An image diagnosis apparatus according to the present invention includes: an endoscopic video acquisition section configured to acquire an endoscope video captured in a state where a stomach of a subject is irradiated with narrowband light and the stomach is observed in a magnified manner; and an estimation section configured to estimate the presence of a gastric cancer in the acquired endoscope video by using a convolutional neural network, and output an estimation result, the convolutional neural network having been subjected to learning with a gastric cancer image and a non-gastric cancer image as training data.
An image diagnosis method according to the present invention includes: acquiring an endoscope video captured in a state where a stomach of a subject is irradiated with narrowband light and the stomach is observed in a magnified manner; and estimating the presence of a gastric cancer in the acquired endoscope video by using a convolutional neural network, and outputting an estimation result, the convolutional neural network having been subjected to learning with a gastric cancer image and a non-gastric cancer image as training data.
An image diagnosis program according to the present invention is configured to cause a program to execute: an endoscopic video acquisition process of acquiring an endoscope video captured in a state where a stomach of a subject is irradiated with narrowband light and the stomach is observed in a magnified manner; and an estimation process of estimating the presence of a gastric cancer in the acquired endoscope video by using a convolutional neural network, and outputting an estimation result, the convolutional neural network having been subjected to learning with a gastric cancer image and a non-gastric cancer image as training data.
A learned model according to the present invention is obtained through learning of a convolutional neural network with a gastric cancer image and a non-gastric cancer image as training data, the learned model being configured to cause a computer to estimate the presence of a gastric cancer in an endoscope video captured in a state where a stomach of a subject is irradiated with narrowband light and the stomach is observed in a magnified manner, and output an estimation result.
According to the present invention, in gastrointestinal endoscopy using an NBI combined magnifying endoscope, the diagnosis of gastric cancer in real time can be performed.
The present embodiments are described in detail below with reference to the drawings.
First, a configuration of image diagnosis apparatus 100 of the present embodiment is described.
In endoscopy of a digestive organ (in the present embodiment, stomach) conducted by a doctor (for example, an endoscopist), image diagnosis apparatus 100 performs diagnosis of gastric cancer in real time by use of the image diagnostic capability for the endoscopic image of a convolutional neural network (CNN). Image diagnosis apparatus 100 is connected with endoscope capturing apparatus 200 and display apparatus 300.

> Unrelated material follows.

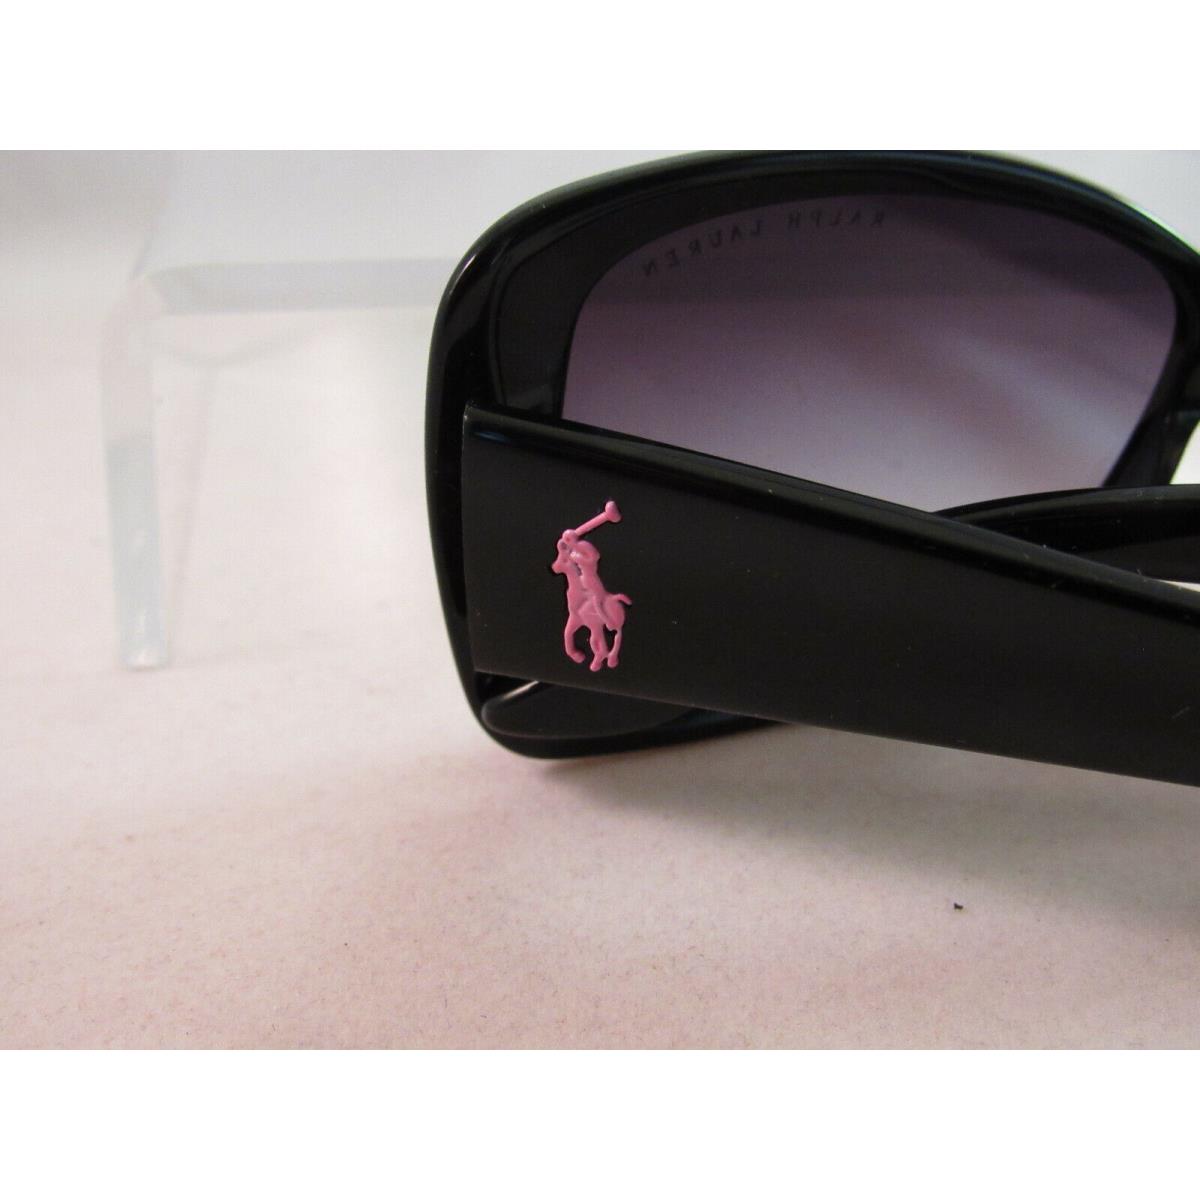 Ralph Lauren sunglasses  - Black Frame, Gray to almost purple Lens

Endoscope capturing apparatus 200 is an electronic endoscope (also referred to as video scope) with a built-in image-capturing means, a camera-equipped endoscope including an optical endoscope in which a camera head with a built-in image-capturing means is mounted or the like, for example. Endoscope capturing apparatus 200 is inserted to a digestive organ from the mouse or nose of the subject so as to capture an image of the diagnostic target portion in the digestive organ, for example.
In the present embodiment, endoscope capturing apparatus 200 captures the diagnostic target portion in the stomach in the form of an endoscope video in accordance with the operation (for example, button operation) of the doctor, in the state where the stomach of the subject is irradiated with narrowband light (for example, NBI narrowband light) and the stomach is magnified 80 times, for example. The endoscope video is composed of a plurality of temporally sequential endoscopic images. Endoscope capturing apparatus 200 outputs endoscopic video data D1 representing the captured endoscope video to image diagnosis apparatus 100.

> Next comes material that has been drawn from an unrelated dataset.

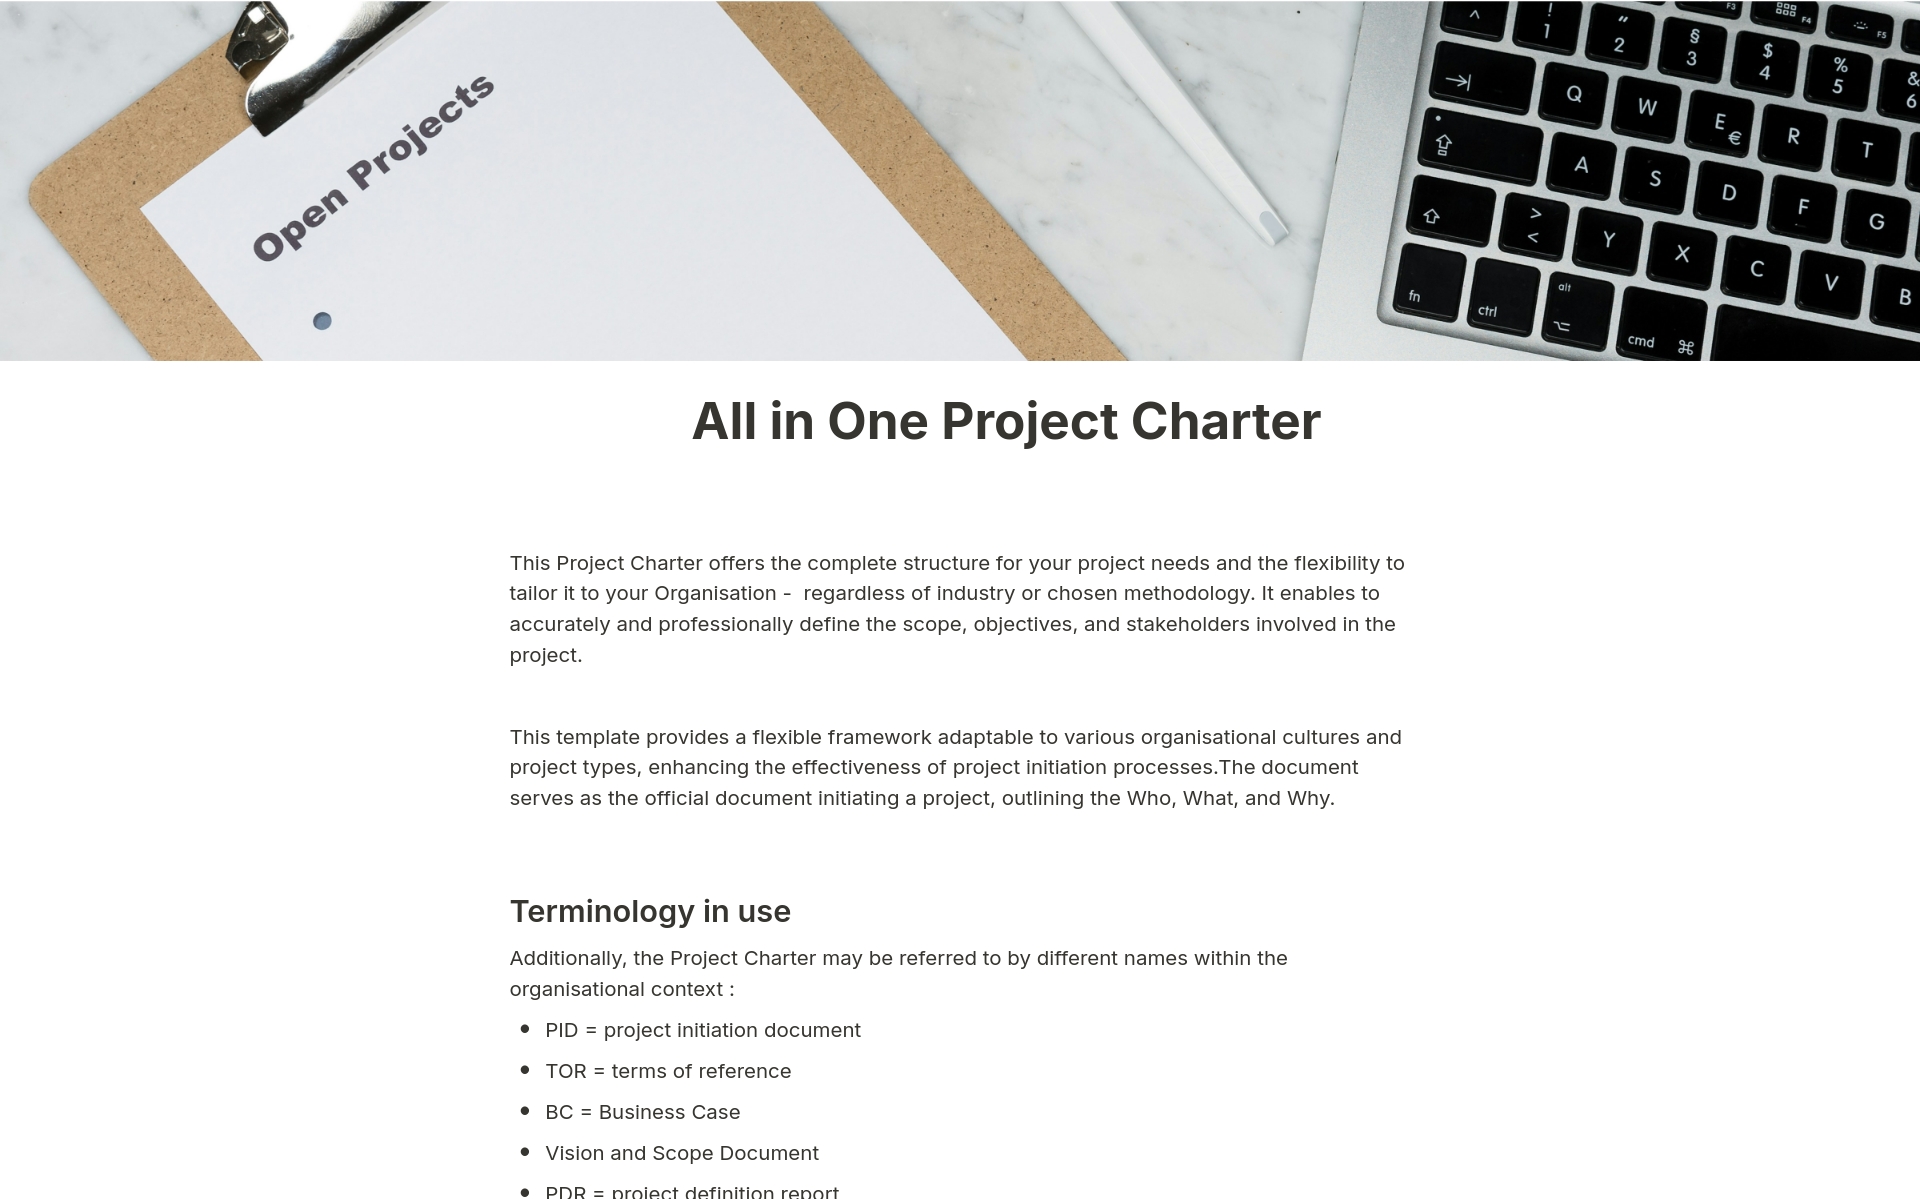 Vista previa de una plantilla para All in One Project Charter

Display apparatus 300 is, for example, a liquid crystal display, and identifiably displays, to the doctor, the determination result image and the endoscope video output from image diagnosis apparatus 100.
As illustrated in
Each function of image diagnosis apparatus 100 is implemented with reference to the control program (such as image diagnosis program) and various data (such as endoscopic video data, learning training data, and the model data (such as structure data and learned weight parameter) of the convolutional neural network stored in CPU 101, GPU 106 ROM 102, RAM 103, external storage apparatus 104 and the like, for example. Note that RAM 103 functions as a working area and a temporary storage area of data, for example.

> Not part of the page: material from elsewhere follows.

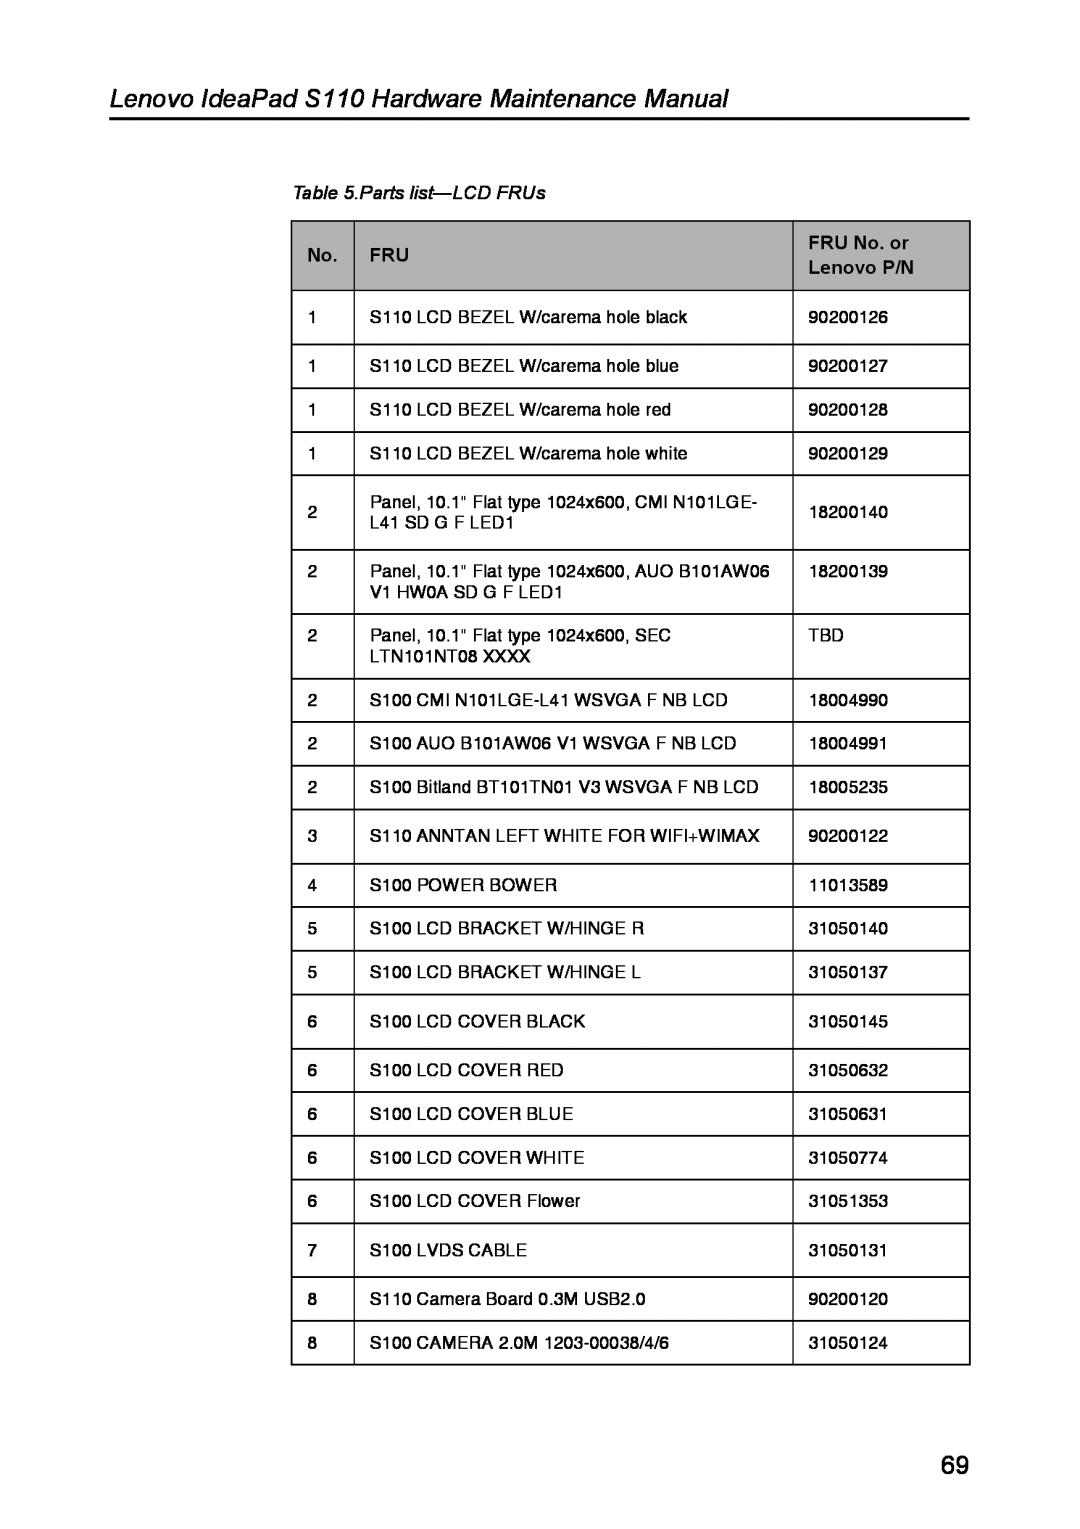 Lenovo manual Parts list-LCD FRUs, Lenovo IdeaPad S110 Hardware Maintenance Manual, FRU No. or, Lenovo P/N

Note that a part or all of each function of image diagnosis apparatus 100 may be achieved through a process of a digital signal processor (DSP) instead of or together with the processes of CPU 101 and GPU 106. In addition, likewise, a part or all of each function may be achieved through a process of a dedicated hardware circuit instead of or together with the process of software.
As illustrated in
Endoscopic video acquisition section 10 acquires endoscopic video data D1 output from endoscope capturing apparatus 200. Then, endoscopic video acquisition section 10 outputs the acquired endoscopic video data D1 to estimation section 20. Note that when acquiring endoscopic video data D1, endoscopic video acquisition section 10 may directly acquire it from endoscope capturing apparatus 200, or may acquire endoscopic video data D1 stored in external storage apparatus 104 or endoscopic video data D1 provided through Internet connection or the like.
With convolutional neural network, estimation section 20 estimates the presence of the lesion (in the present embodiment, gastric cancer) in the endoscope video represented by endoscopic video data D1 output from endoscopic video acquisition section 10, and outputs the estimation result. To be more specific, estimation section 20 estimates the lesion name (name) and lesion location (position) of the lesion present in the endoscope video, and the degree of certainty (also referred to as likelihood) of the lesion name and lesion location. Then, estimation section 20 outputs, to display control section 30, endoscopic video data D1 output from endoscopic video acquisition section 10 and estimation result data D2 representing the estimation results of the lesion name, lesion location and the degree of certainty.
In addition, when a predetermined number (for example, three) of endoscopic images whose degree of certainty is equal to or greater than a predetermined value (for example, 0.5) is sequentially present in a predetermined time (for example, 0.5 seconds) in the endoscope video represented by endoscopic video data D1, estimation section 20 estimates that there is a lesion (gastric cancer) in the endoscope video. Here, the above-mentioned predetermined number is set to be greater as the predetermined value is smaller. When it is estimated that the lesion is present in the endoscope video, estimation section 20 outputs the estimation (estimation result) to display control section 30.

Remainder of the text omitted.